Instead, she is already keeping a relentless schedule that sees her criss-crossing the state’s highways from one gathering to the next, doing the kind of retail politicking that, even in a state the size of California, is fundamental to building a base of support. It is an effort she hopes will serve her well when the more intensively focused media glare begins to light up the race in 2018.
Having visited all 58 counties during her tenure as the state’s education boss from 1995-2003, Eastin well remembers what it means to voters when politicians take leave of the television screen and mass mailers to mingle with voters in real time. “I heard from a principal in the far end of the state recently who told me, ‘You showed up at my school! It meant the world to me.

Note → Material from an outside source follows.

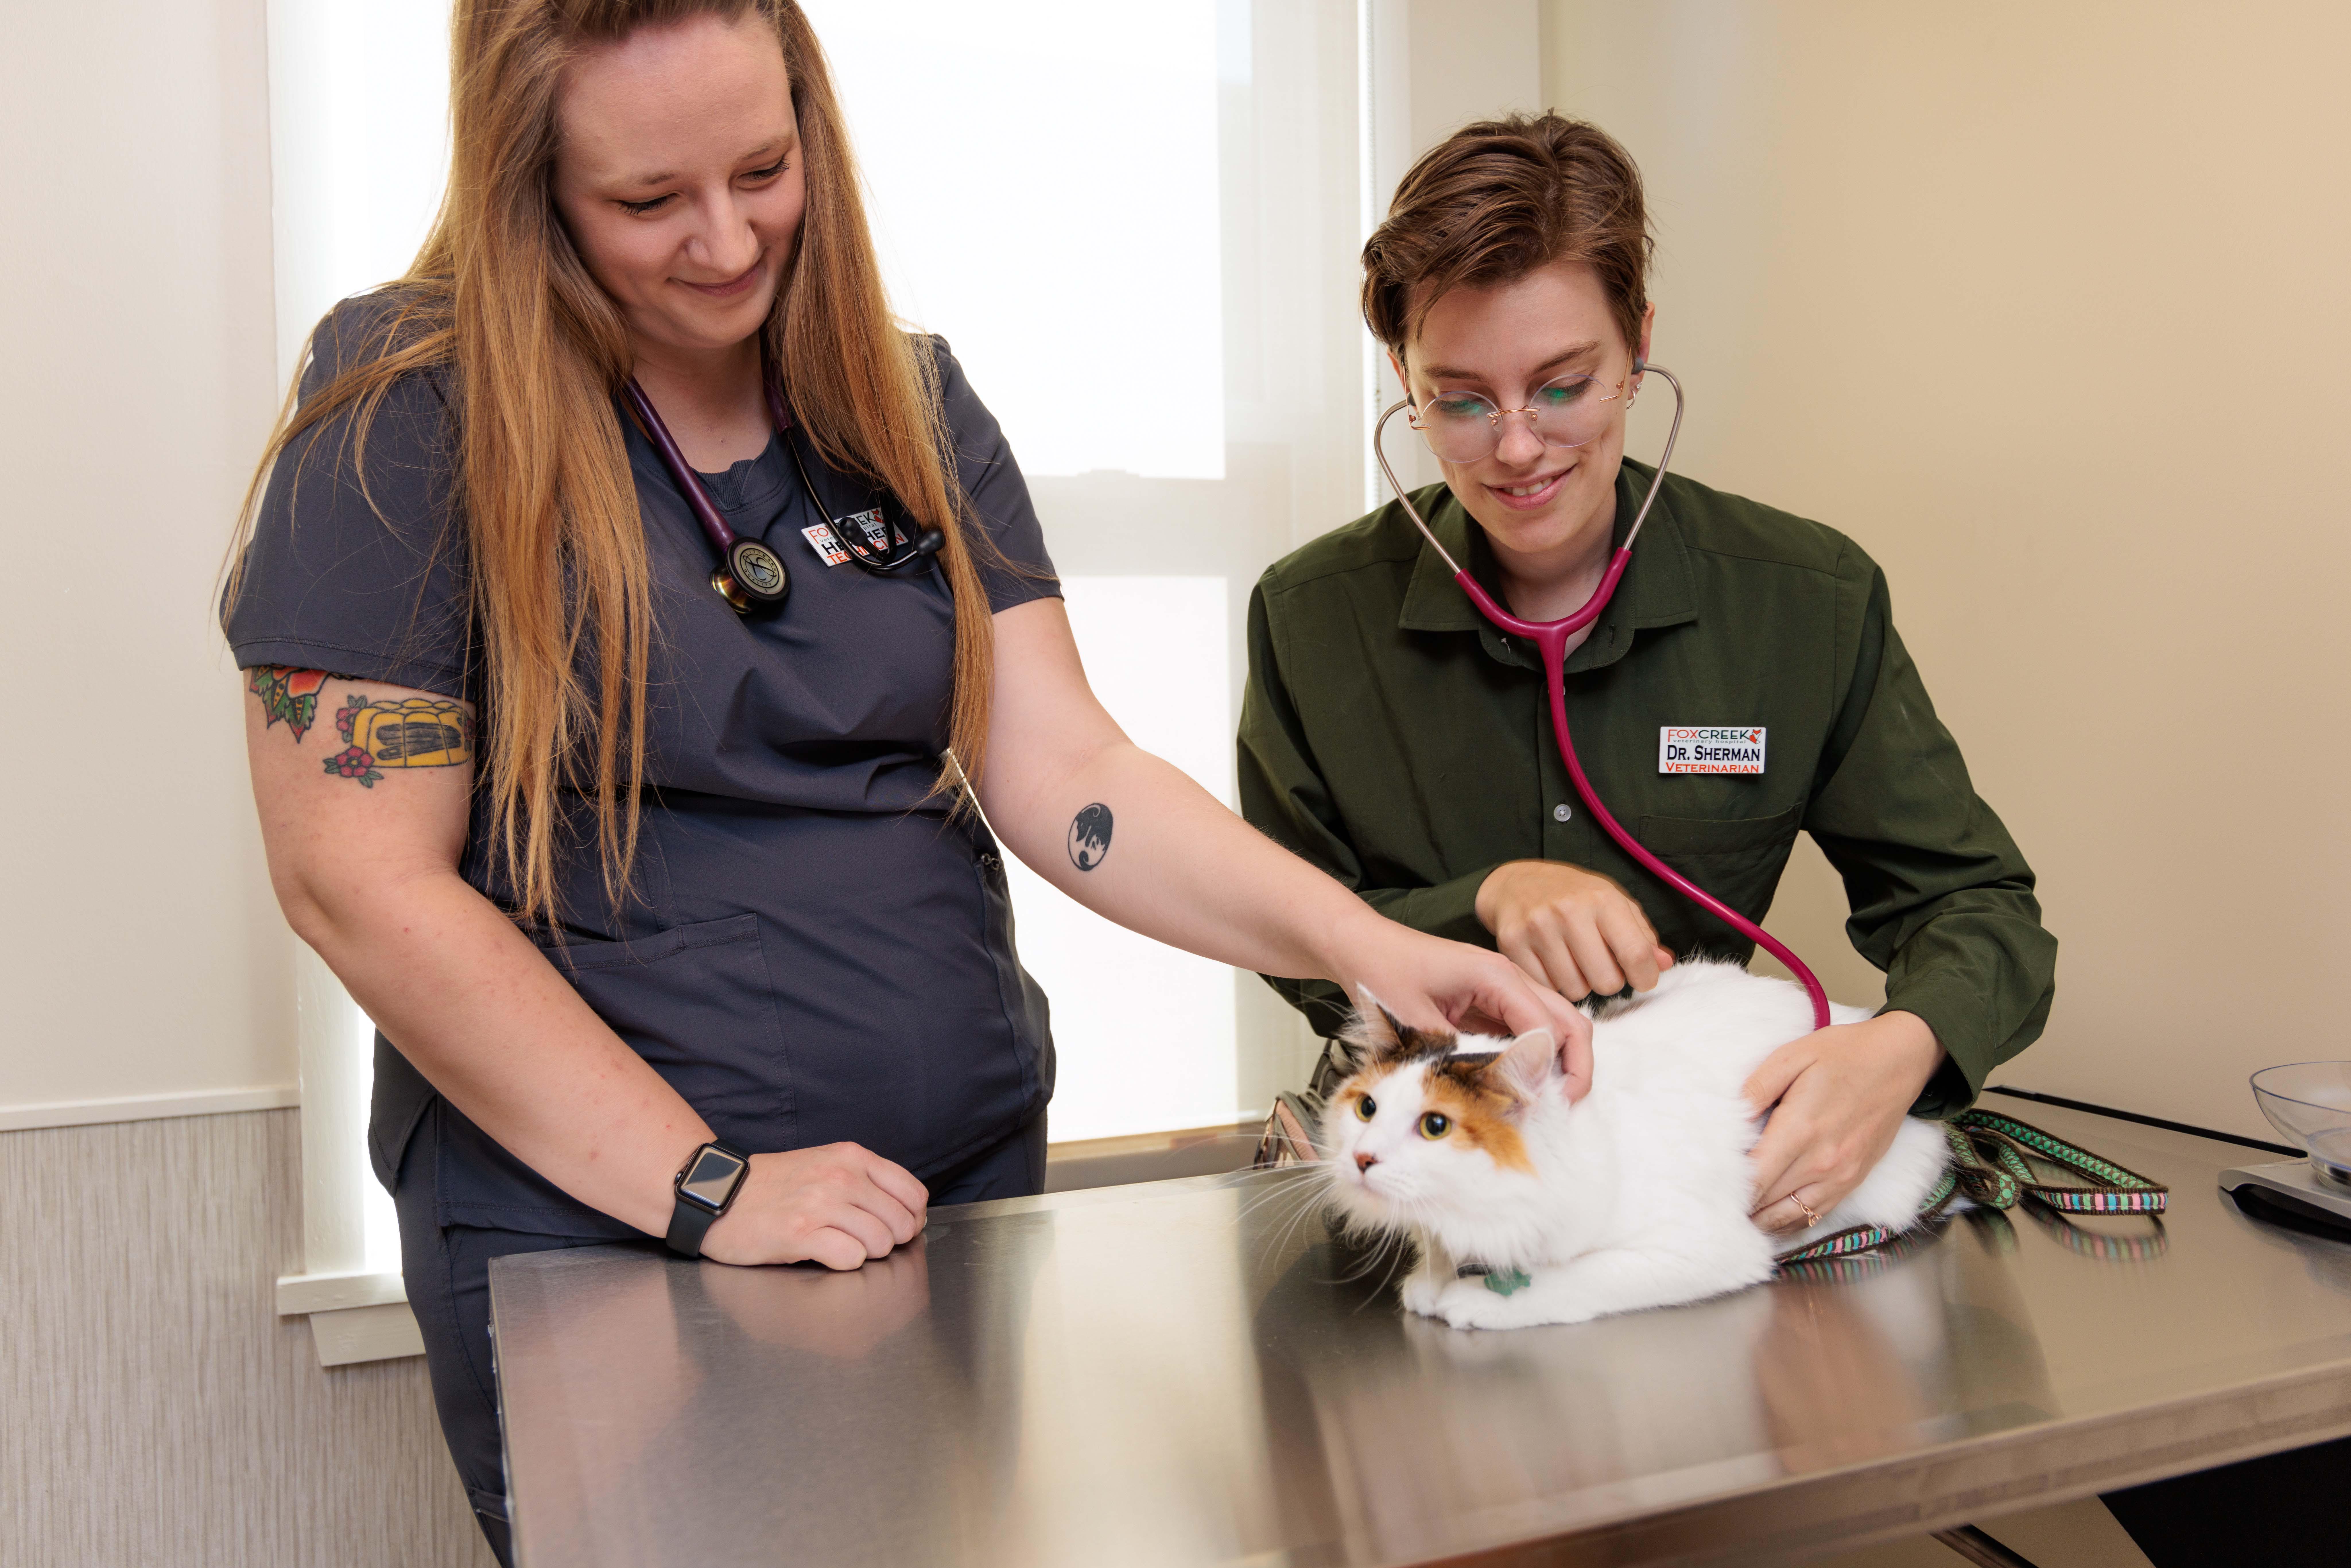 Here at Fox Creek, we know that routine care allows us to not only catch diseases early but sometimes prevent them altogether. Our team provides annual wellness exams and vaccinations, compassionate care for pets of all ages, and even microchipping to ensure the safety of your pet.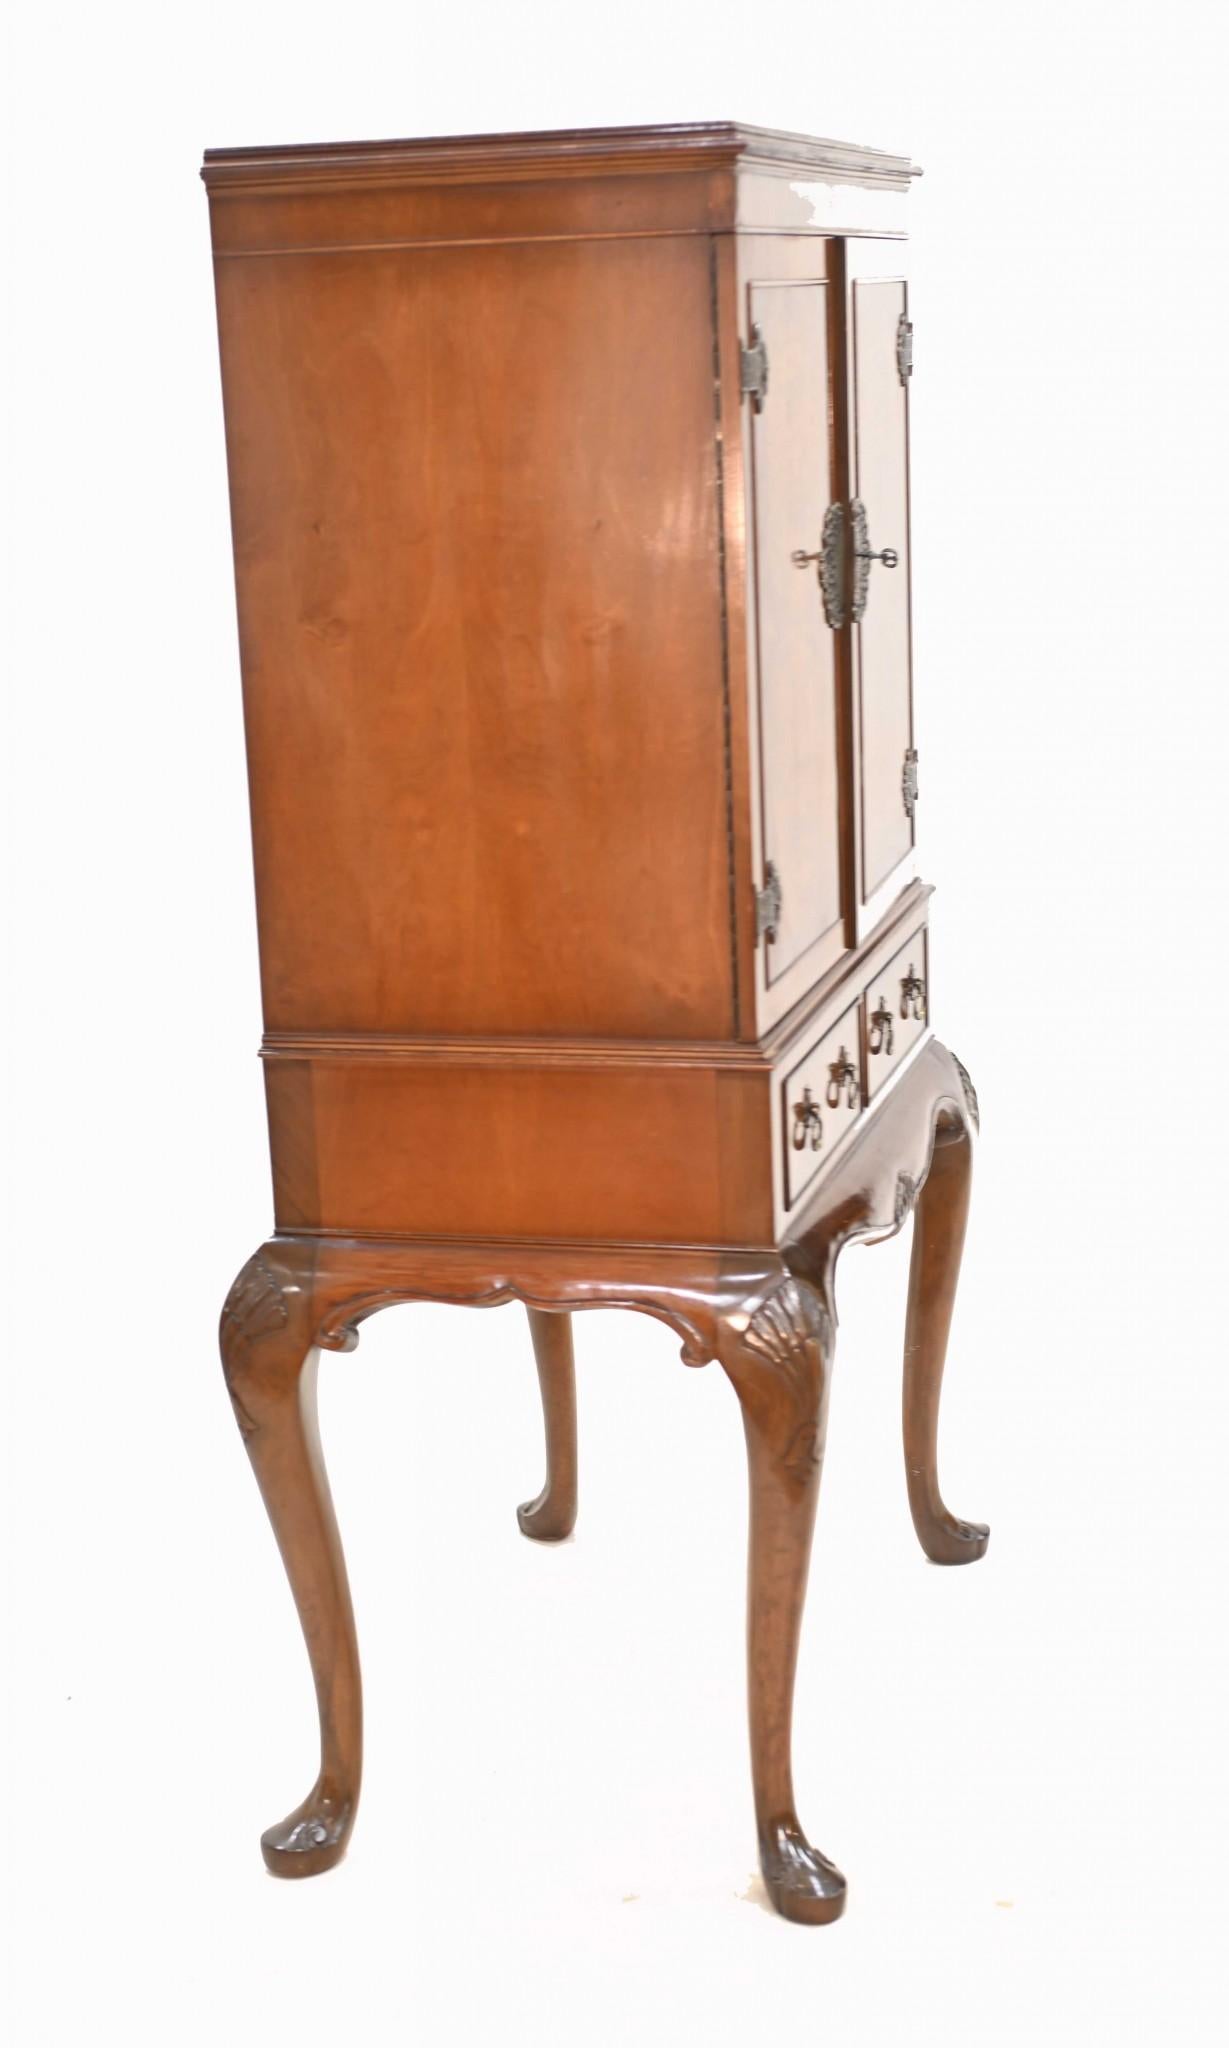 Art Deco Drinks Cabinet 1930 Epstein and Co Furniture For Sale 7

But you also talked to the kids, and even the custodian!’”
“The teacher had me leading a reading group. It was good for my leadership skills, but I wasn’t getting the attention I needed. So my dad had us move to San Carlos, where there were 20 kids to a class. It was a life-changing experience.”
That willingness to rub elbows across every strata of class, race, and culture likely has many roots, not the least of them Eastin’s modest upbringing as the daughter of a Naval chief petty officer father and sales clerk mother.
Hank Eastin moved his family around the country on various assignments before retiring to become a blue collar machinist and shop steward in northern California. Deprived of his own education by the travails of The Great Depression, he harbored an intense drive to make sure his own children would obtain all its benefits.
The love of learning actually started with him, as when he offered Delaine and her older brother Danny 50 cents a week for basic allowance but a dollar for every poem they would commit to memory.
“My father could recite the entire Rubaiyat of Omar Khayyam,” Eastin remembers, referring to the epic poem from ancient Persia that runs to thousands of lines. He was a natural born teacher who always preached to us that you have to do things right.”
The Eastins had settled and figured to stay in San Francisco by the time Delaine turned 7 years old, but another move soon became imminent. “There were 44 kids in the class,” she recalls. “I was one of the better readers, so the teacher had me leading a reading group. It was good for my leadership skills, but I wasn’t getting the attention I needed. So my dad had us move to San Carlos, where there were 20 kids to a class. It was a life-changing experience.”
It was the first of two such dramatic events in Eastin’s early education, the second being her acceptance to UC Davis as a college student.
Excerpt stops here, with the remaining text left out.